Mitchell Hewson, qui a introduit la jardinothérapie au Canada en implantant un premier programme au Homewood Health Centre, près de Guelph (Ontario), a travaillé avec des personnes souffrant de troubles alimentaires et de l’humeur, de stress post-traumatique, de dépendances ou qui étaient par éprouvées par le deuil. Il explique qu’il reçoit de plus en plus d’appels de praticiens en santé mentale désireux de connaître ses méthodes. «Les administrateurs de nombreux organismes, institutions, prisons et hôpitaux commencent à comprendre que la jardinothérapie peut constituer une approche complémentaire aux soins de santé classique», souligne-t-il, ajoutant que la médecine classique est parfois plus invasive.

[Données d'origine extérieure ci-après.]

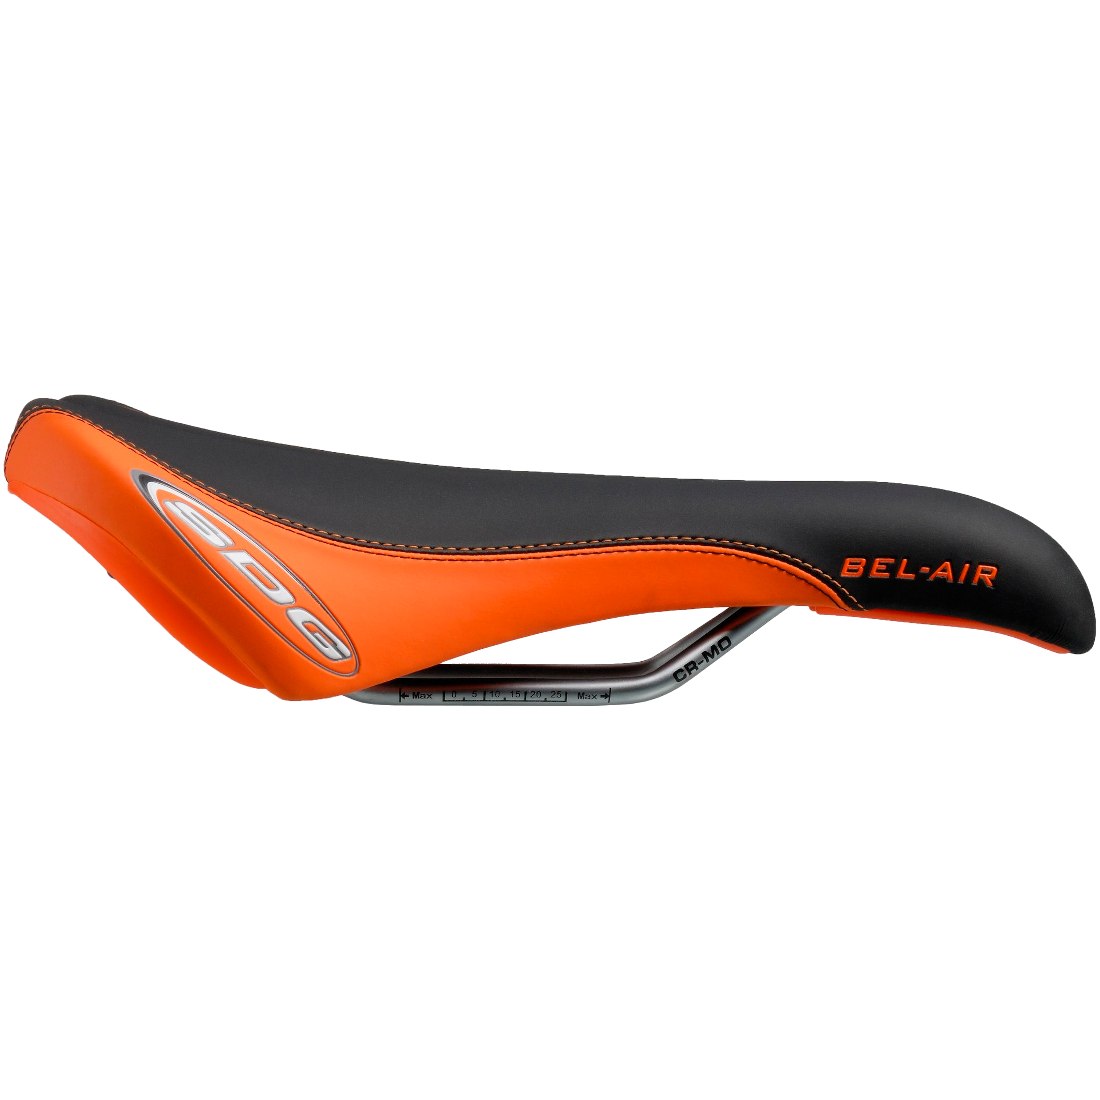 Productfoto van SDG Bel-Air RL CroMo Saddle - black/orange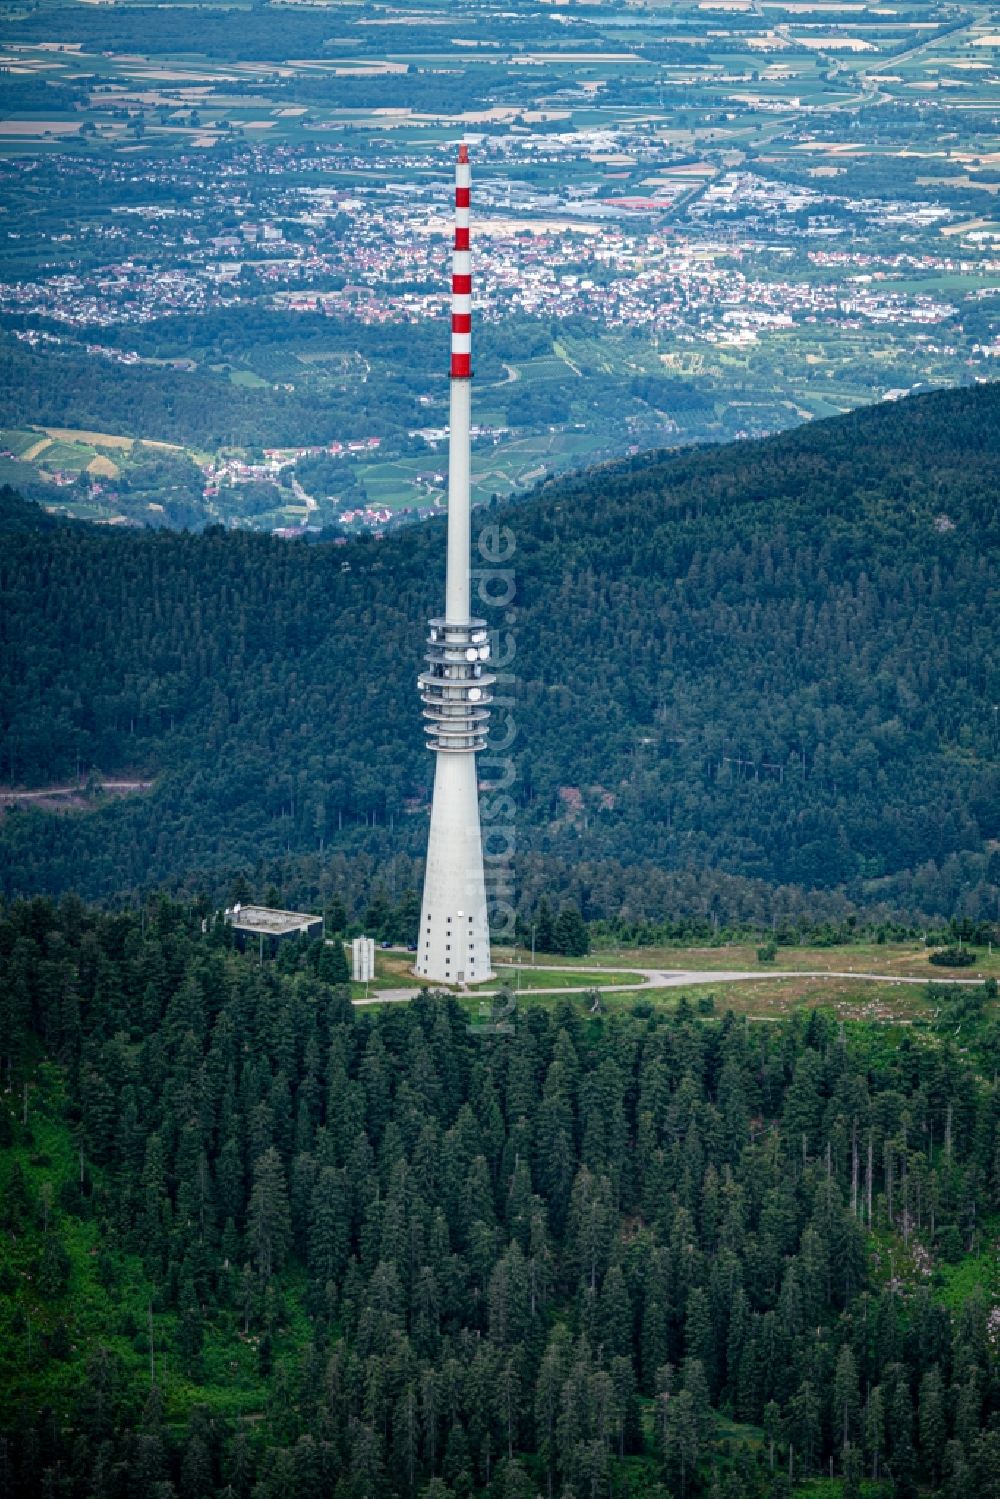 Sasbachwalden aus der Vogelperspektive: Fernmeldeturm und Fernsehturm in Sasbachwalden Hornisgrunde, im Bundesland Baden-Württemberg, Deutschland

Il ne s’agit pas de remplacer une approche par une autre, c’est-à-dire les antidépresseurs par le travail de la terre. Ce qui intéresse plutôt les praticiens, c’est le point de vue holistique, qui intègre divers éléments de manière harmonieuse et intervient sur les plans plus subtils de l’être.
Le soleil se couche sur le Peace Ranch. Je remonte le fermoir de ma veste pour me protéger de la fraîcheur de l’automne. Eric Tripp-McKay me conduit, à travers un vestiaire rempli de grandes bottes de caoutchouc et de vestes à carreaux, à la serre qu’on utilise l’hiver. La terre recouverte d’un paillis est prête à recevoir la laitue et les tomates cerises. «Nous sommes la seule entreprise hydroponique légitime de la province», dit-il en riant.
Humant les odeurs de la terre, je me rends compte que je n’ai pas très envie de quitter la ferme pour retourner en ville, particulièrement à l’heure de pointe. Je sais que les bouchons, la clameur bruyante et la pollution du centre-ville me rendront nerveuse. Cependant, il ne m’était jamais venu à l’esprit que je pouvais faire quelque chose pour soulager mon anxiété.
«Comment je vois les choses, énonce Eric Tripp-McKay, réfléchissant à voix haute sur cette approche thérapeutique où la terre devient traitement, c’est que nous reproduisons ce que les premiers pionniers ont fait en Amérique.»